Let’s say we have a document with n words. We will start with the first word and lookup for the vector for that word in the model (word vector). That vector goes to a cluster, then moving forward, we assign the word to either a pre-created cluster or a new cluster with a probability 1/(1+n). If we decide to assign to an existing cluster, we assign the word to the most similar cluster. This approach creates clusters that separate the words into groups that make sense and take a look.

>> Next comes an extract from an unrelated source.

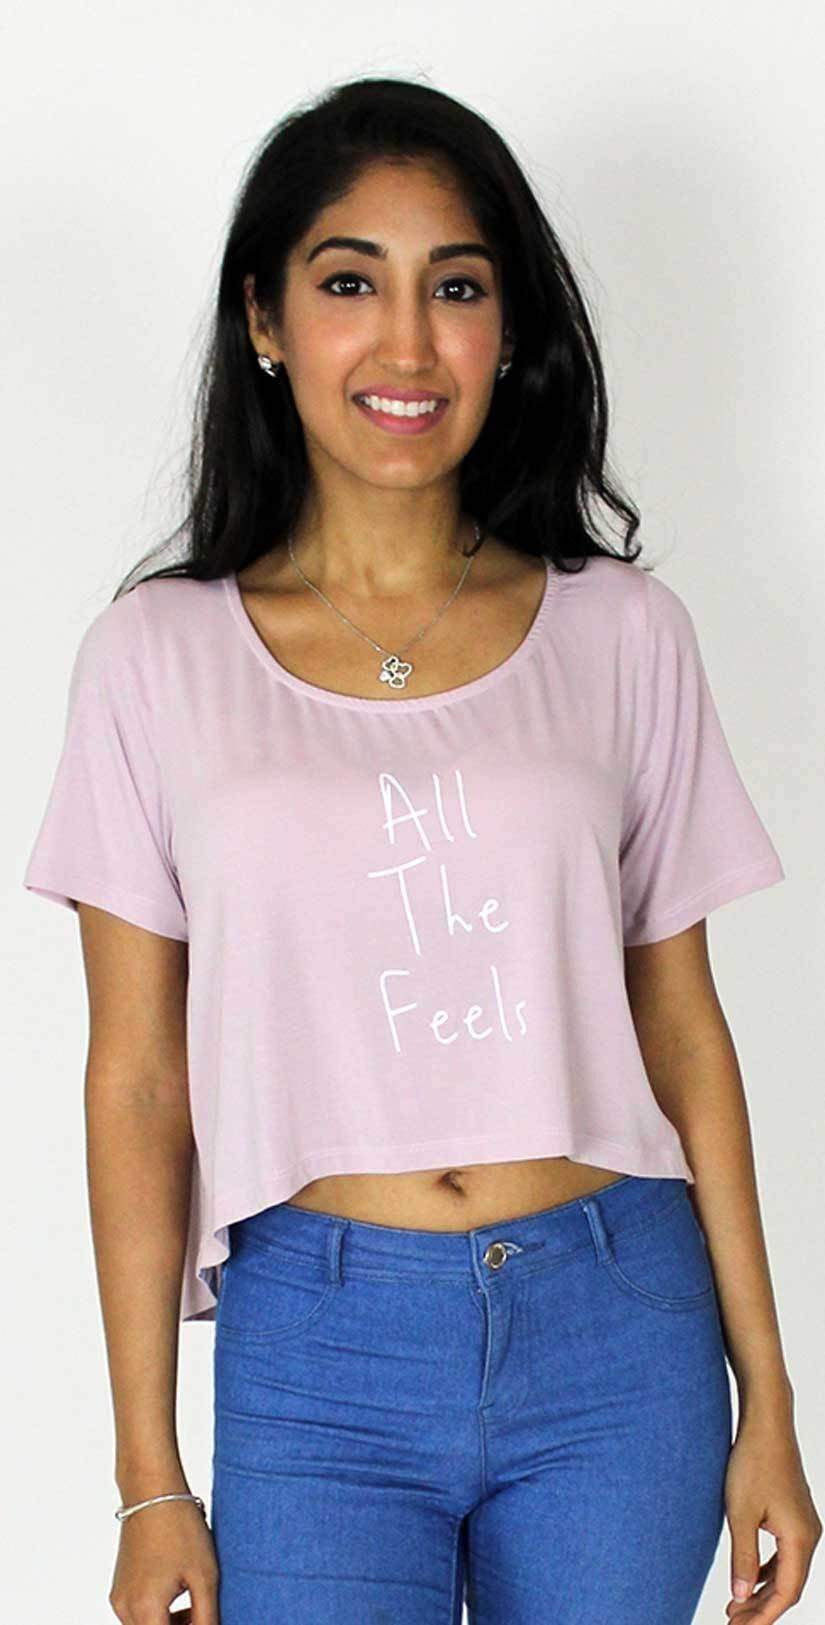 Ete Apparel All the Feels Crop Top Tee 1-13-BLSH-ATF-17-P:

More examples in this notebook are here.
The below function is the implementation of the above algorithm, which is also called as Chinese Restaurant Process.
I have put the code on GitHub. Also, there is an accompanying notebook that you can have a look at github.
Improvements
A few suggestions to improve the above algorithm.
- More Data
- Better Preprocessing
- More Dimensional Vectors (we used 25 dimensions)
- A better approach to matching clusters (other than the cosine approach)
Note: This is a very experimental approach. A lot is unclear and undefined as of now. I will keep improving and completing the approach. Your comments are appreciated.
For any questions and inquiries, visit us at thinkitive
Right here is the perfect web site for anyone who hopes to find out about this topic. You understand a whole lot its almost hard to argue with you (not that I actually would want toรHaHa). You definitely put a new spin on a topic that has been discussed for decades. Excellent stuff, just great!
I was excited to discover this website. I want to to thank you for your time for this wonderful read!! I definitely liked every part of it and i also have you book-marked to look at new things on your website.
Good post. I learn something totally new and challenging on blogs I stumbleupon every day. It will always be interesting to read through articles from other writers and use a little something from other sites.
Thanks for sharing. I read many of your blog posts, cool, your blog is very good.
Thanks for sharing. I read many of your blog posts, cool, your blog is very good.